A population genetic interpretation of GWAS findings for human quantitative traits (1704.06707v2)

Abstract: GWAS in humans are revealing the genetic architecture of biomedical and anthropomorphic traits, i.e., the frequencies and effect sizes of variants that contribute to heritable variation in a trait. To interpret these findings, we need to understand how genetic architecture is shaped by basic population genetics processes-notably, by mutation, natural selection and genetic drift. Because many quantitative traits are subject to stabilizing selection and genetic variation that affects one trait often affects many others, we model the genetic architecture of a focal trait that arises under stabilizing selection in a multi-dimensional trait space. We solve the model for the phenotypic distribution and allelic dynamics at steady state and derive robust, closed form solutions for summary statistics of the genetic architecture.
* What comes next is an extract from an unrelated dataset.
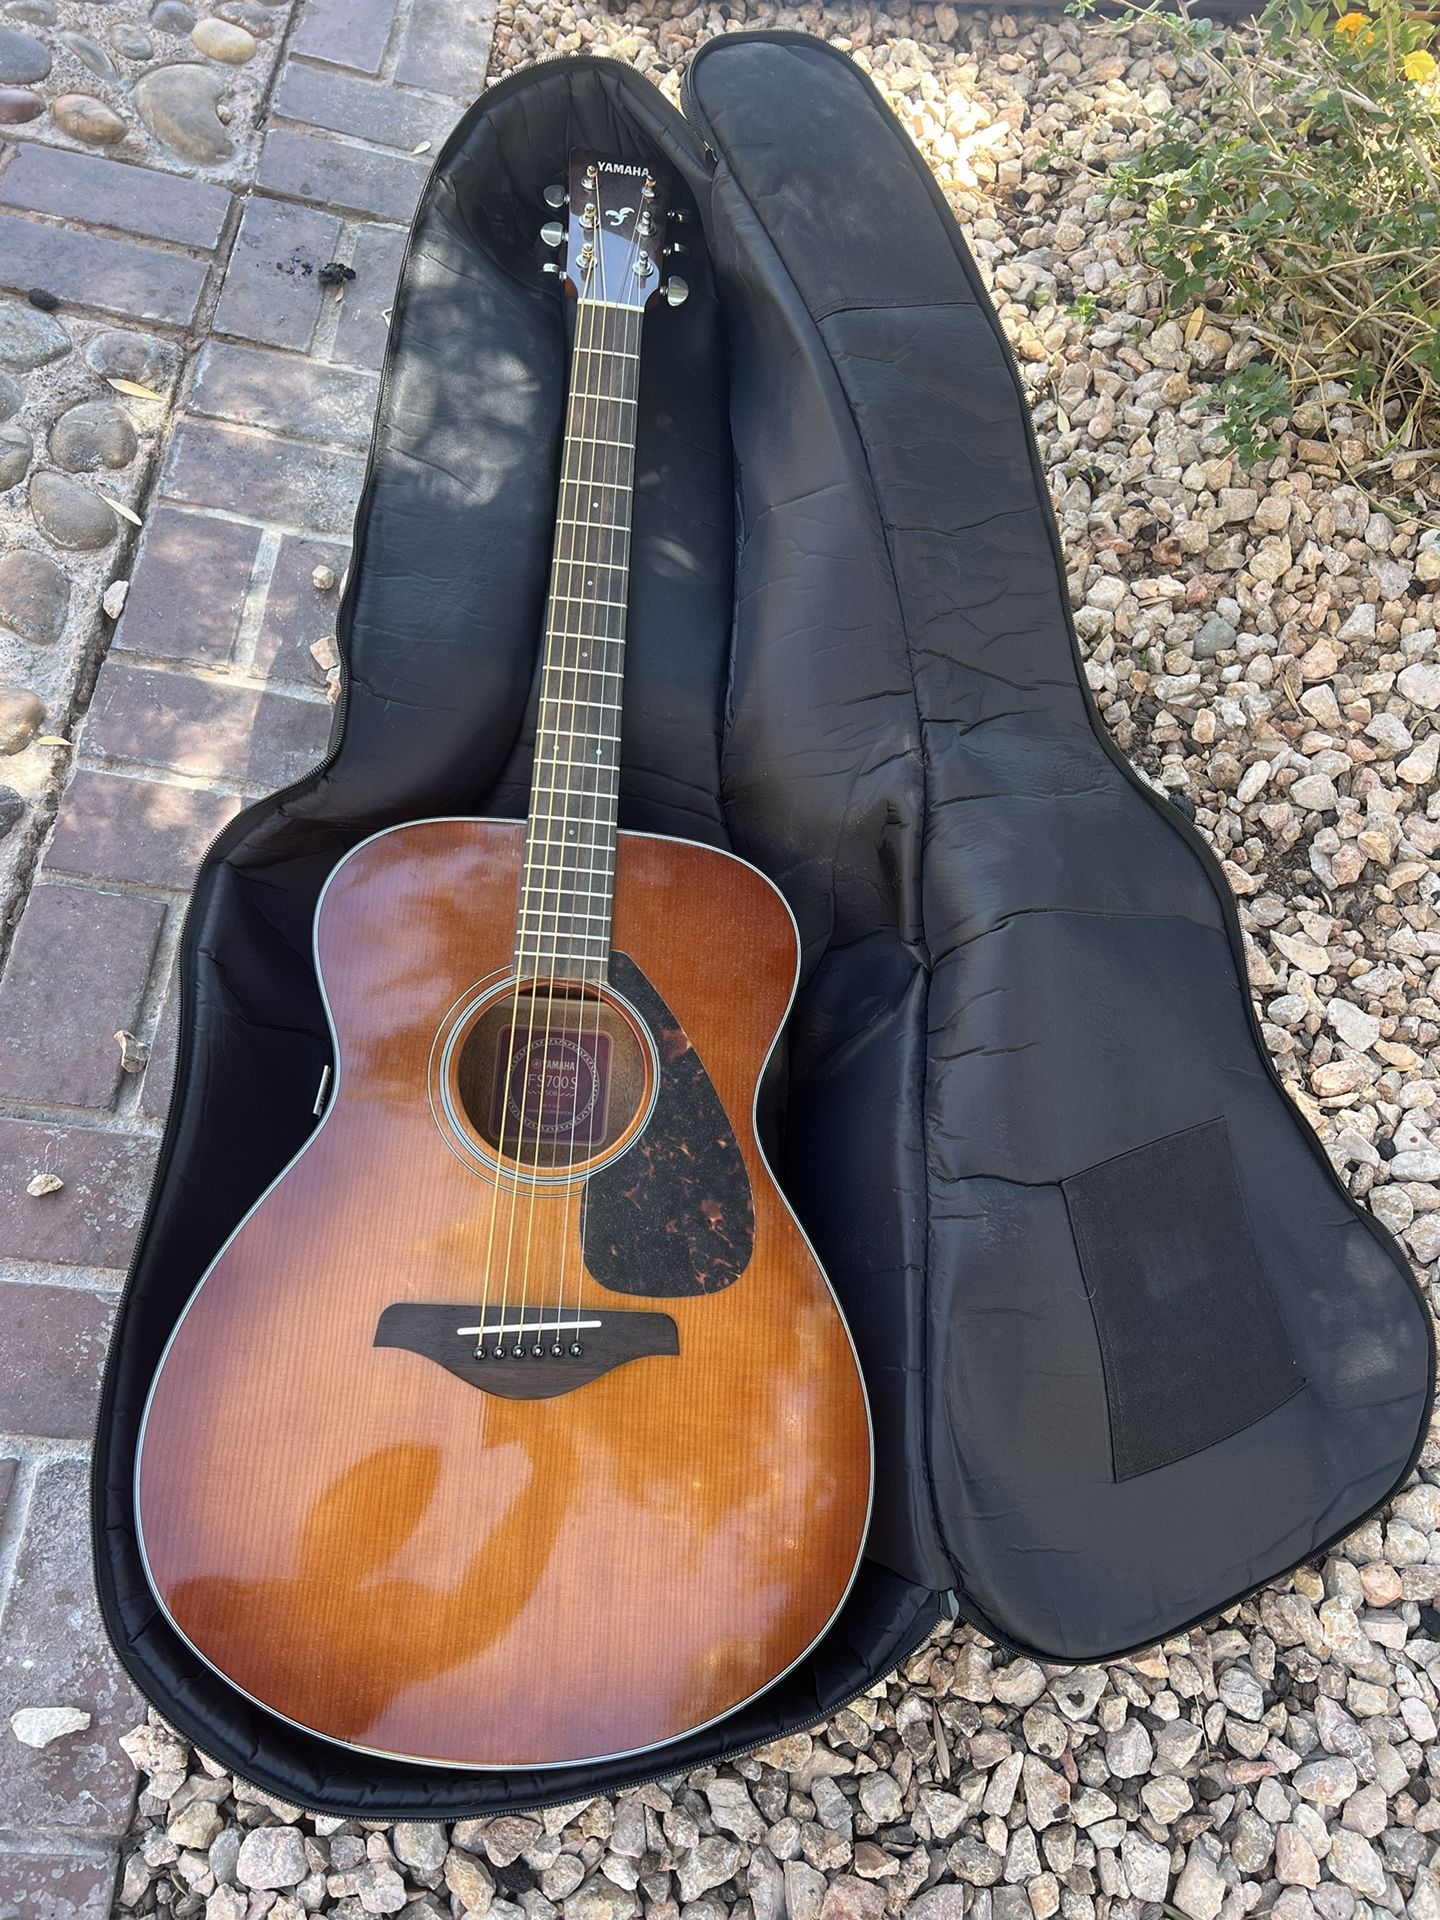 yamaha 700s acoustic guitar

Our results provide a simple interpretation for missing heritability and why it varies among traits. They also predict that the distribution of variances contributed by loci identified in GWAS is well approximated by a simple functional form that depends on a single parameter: the expected contribution to genetic variance of a strongly selected site affecting the trait. We test this prediction against the results of GWAS for height and BMI and find that it fits the data well, allowing us to make inferences about the degree of pleiotropy and mutational target size for these traits. Our findings help to explain why the GWAS for height explains more of the heritable variance than similarly-sized GWAS for BMI, and to predict the increase in explained heritability with study sample size. Considering the demographic history of European populations, in which these GWAS were performed, we further find that most of the associations they identified likely involve mutations that arose during the out of Africa bottleneck at sites with selection coefficients around $s=10^{-3}$.